ACCLAB / DABEST-python

Data Analysis with Bootstrapped ESTimation
https://acclab.github.io/DABEST-python/
Apache License 2.0
345 stars 47 forks source link
data-analysis data-visualization estimation python statistics

DABEST-Python

minimal Python
version PyPI
version Downloads Free-to-view
citation License

Recent Version Update

We are proud to announce DABEST Version Ondeh (v2024.03.29). This new version of the DABEST Python library provides several new features and includes performance improvements.

  1. New Paired Proportion Plot: This feature builds upon the existing proportional analysis capabilities by introducing advanced aesthetics and clearer visualization of changes in proportions between different groups, inspired by the informative nature of Sankey Diagrams. It’s particularly useful for studies that require detailed examination of how proportions shift in paired observations.

  2. Customizable Swarm Plot: Enhancements allow for tailored swarm plot aesthetics, notably the adjustment of swarm sides to produce asymmetric swarm plots. This customization enhances data representation, making visual distinctions more pronounced and interpretations clearer.

  3. Standardized Delta-delta Effect Size: We added a new metric akin to a Hedges’ g for delta-delta effect size, which allows comparisons between delta-delta effects generated from metrics with different units.

  4. Miscellaneous Improvements: This version also encompasses a broad range of miscellaneous enhancements, including bug fixes, Bootstrapping speed improvements, new templates for raising issues, and updated unit tests. These improvements are designed to streamline the user experience, increase the software’s stability, and expand its versatility. By addressing user feedback and identified issues, DABEST continues to refine its functionality and reliability.

Contents

About

DABEST is a package for Data Analysis using Bootstrap-Coupled ESTimation.

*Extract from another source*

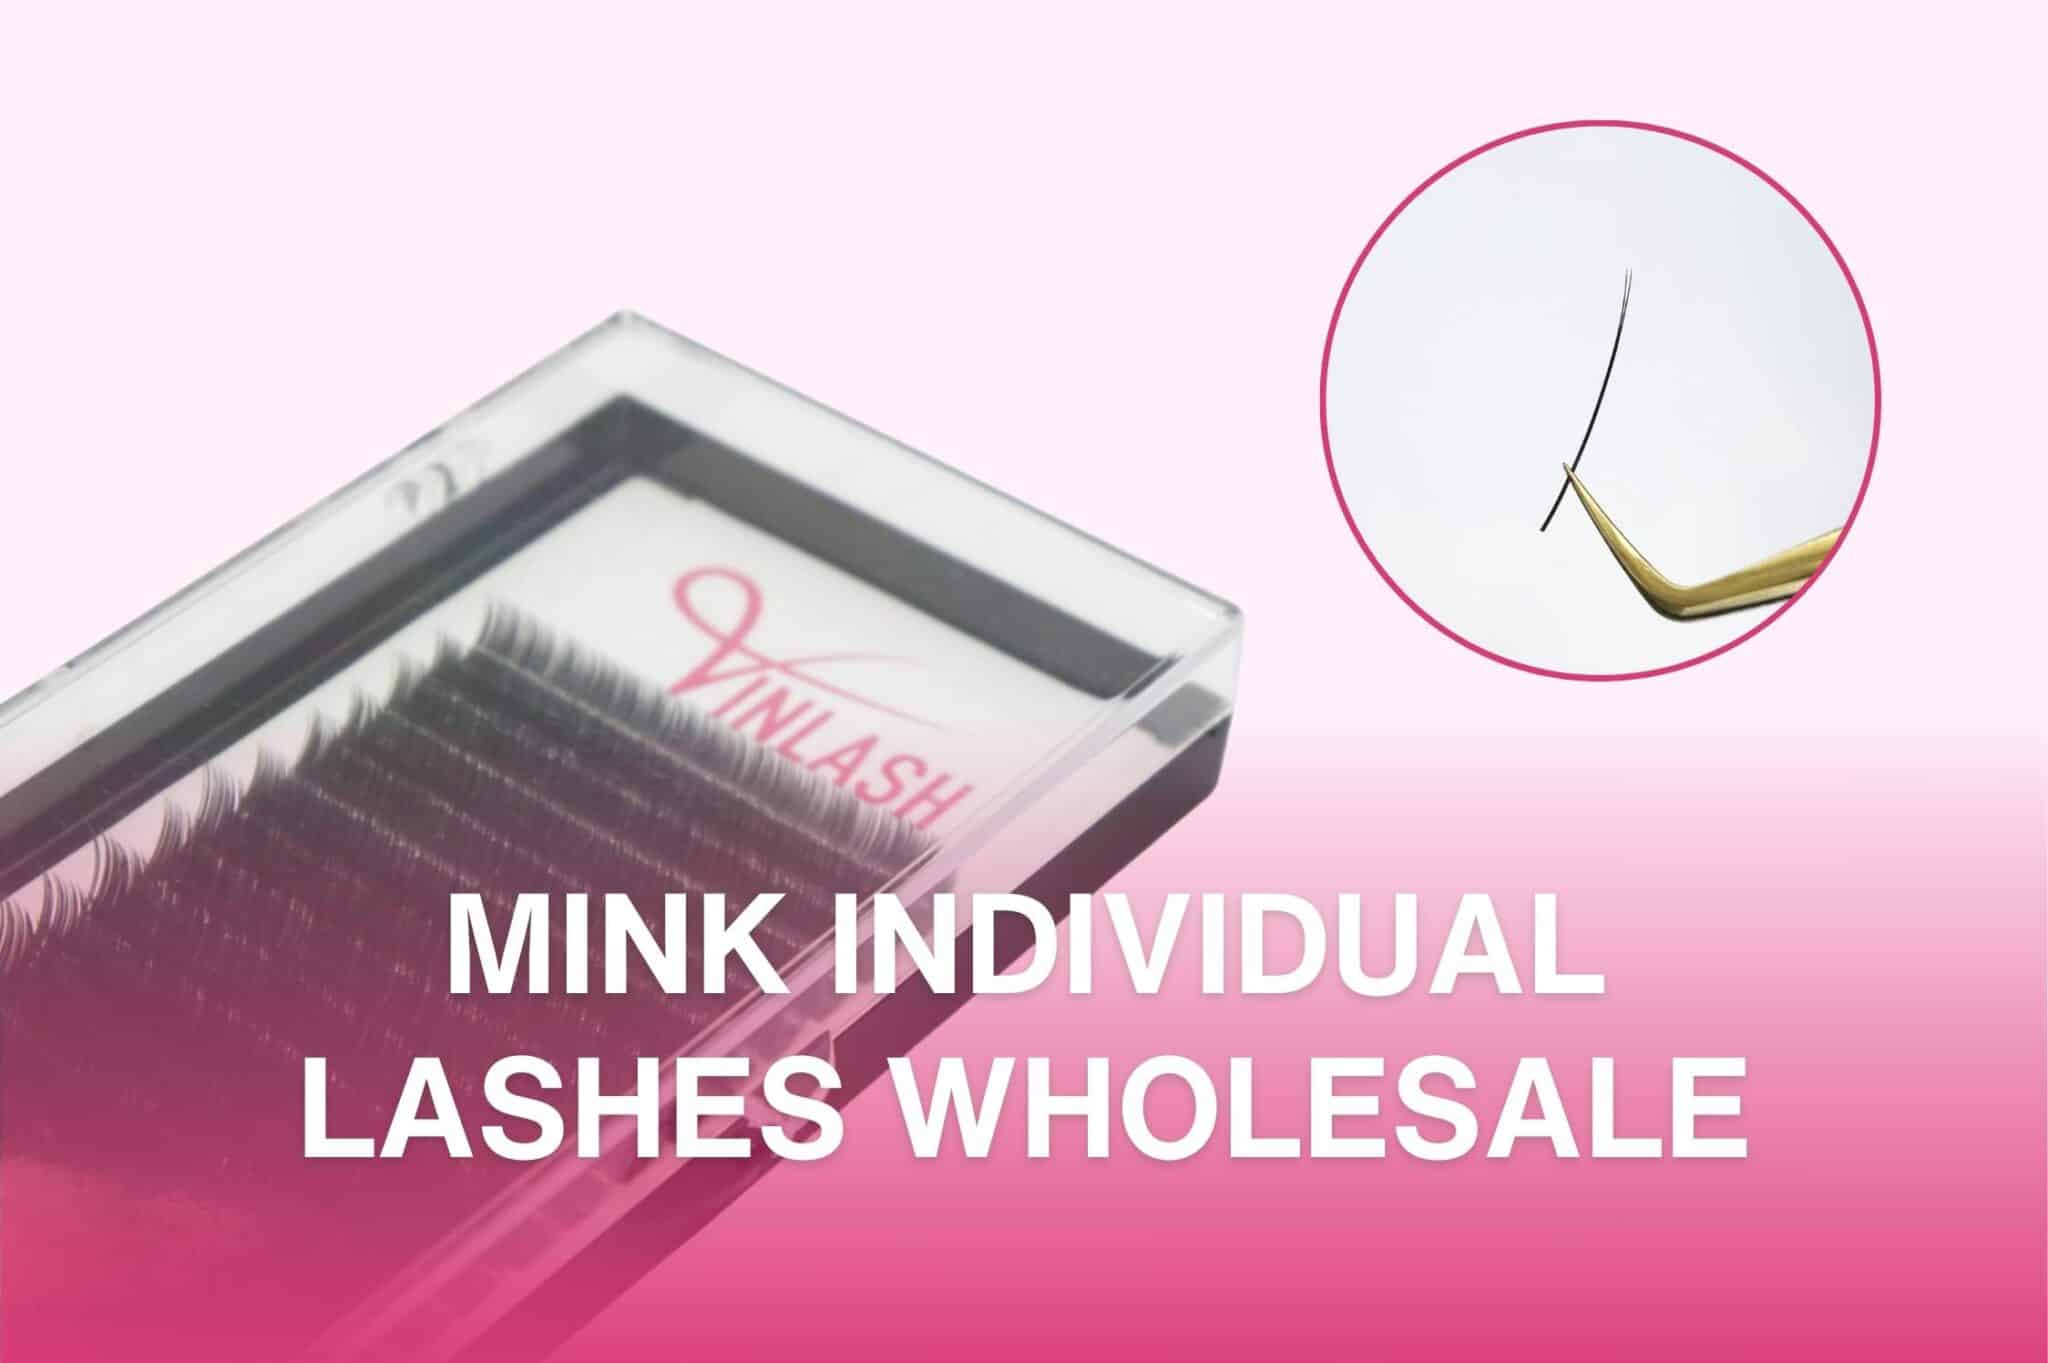 Mink Individual Lashes Wholesale tag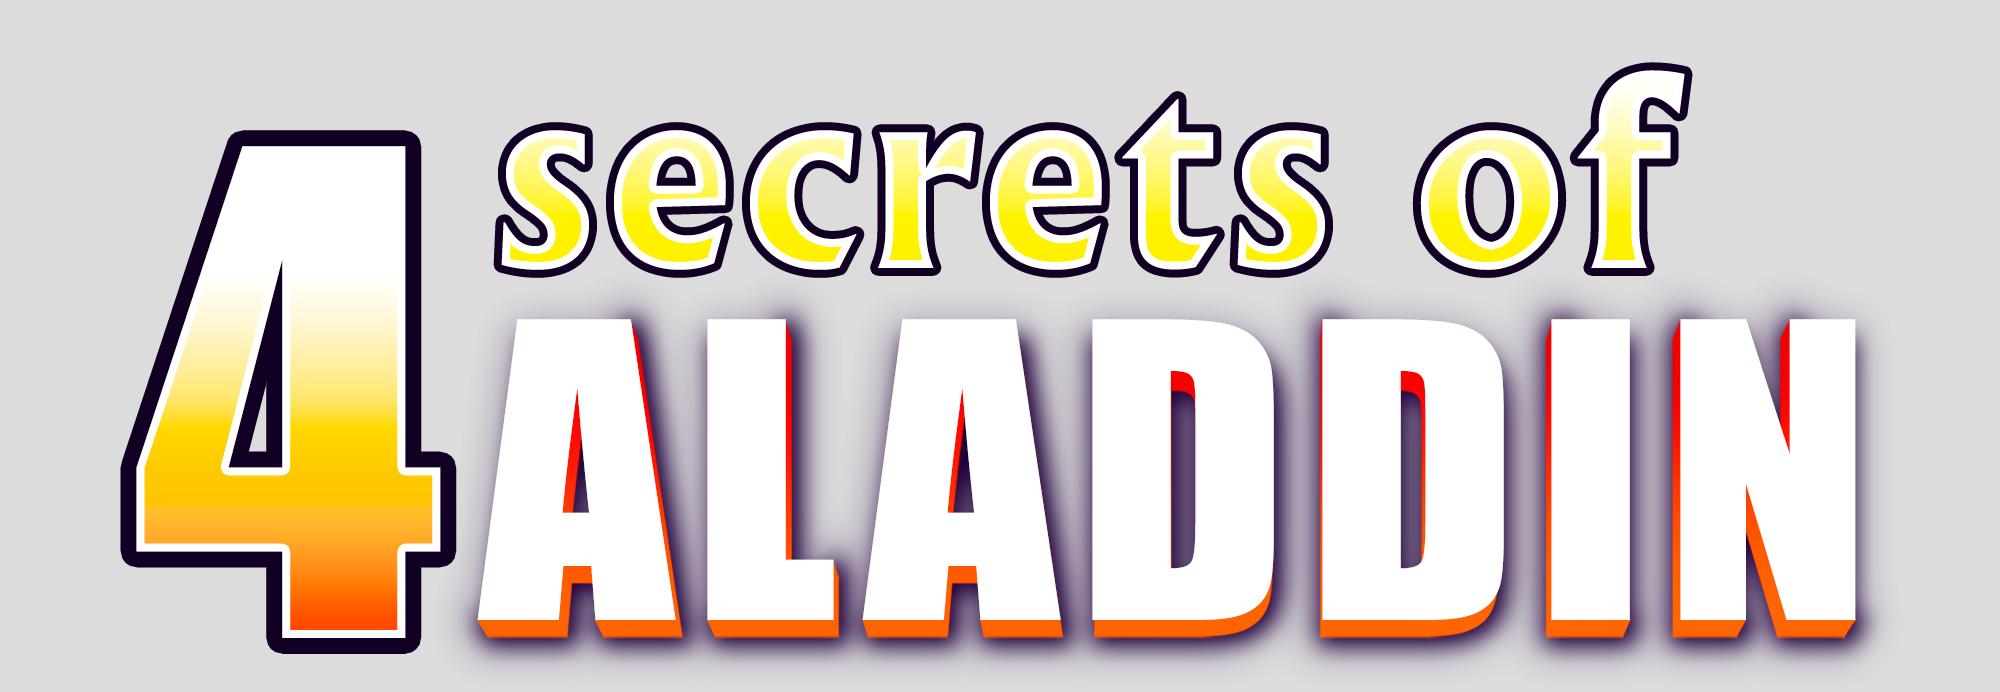 4 Secrets of Aladdin | Промо-материалы | Игровой автомат онлайн

Estimation statistics are a simple framework that avoids the pitfalls of significance testing. It employs familiar statistical concepts such as means, mean differences, and error bars. More importantly, it focuses on the effect size of one’s experiment or intervention, rather than succumbing to a false dichotomy engendered by P values.

An estimation plot comprises two key features.

  1. It presents all data points as a swarm plot, ordering each point to display the underlying distribution.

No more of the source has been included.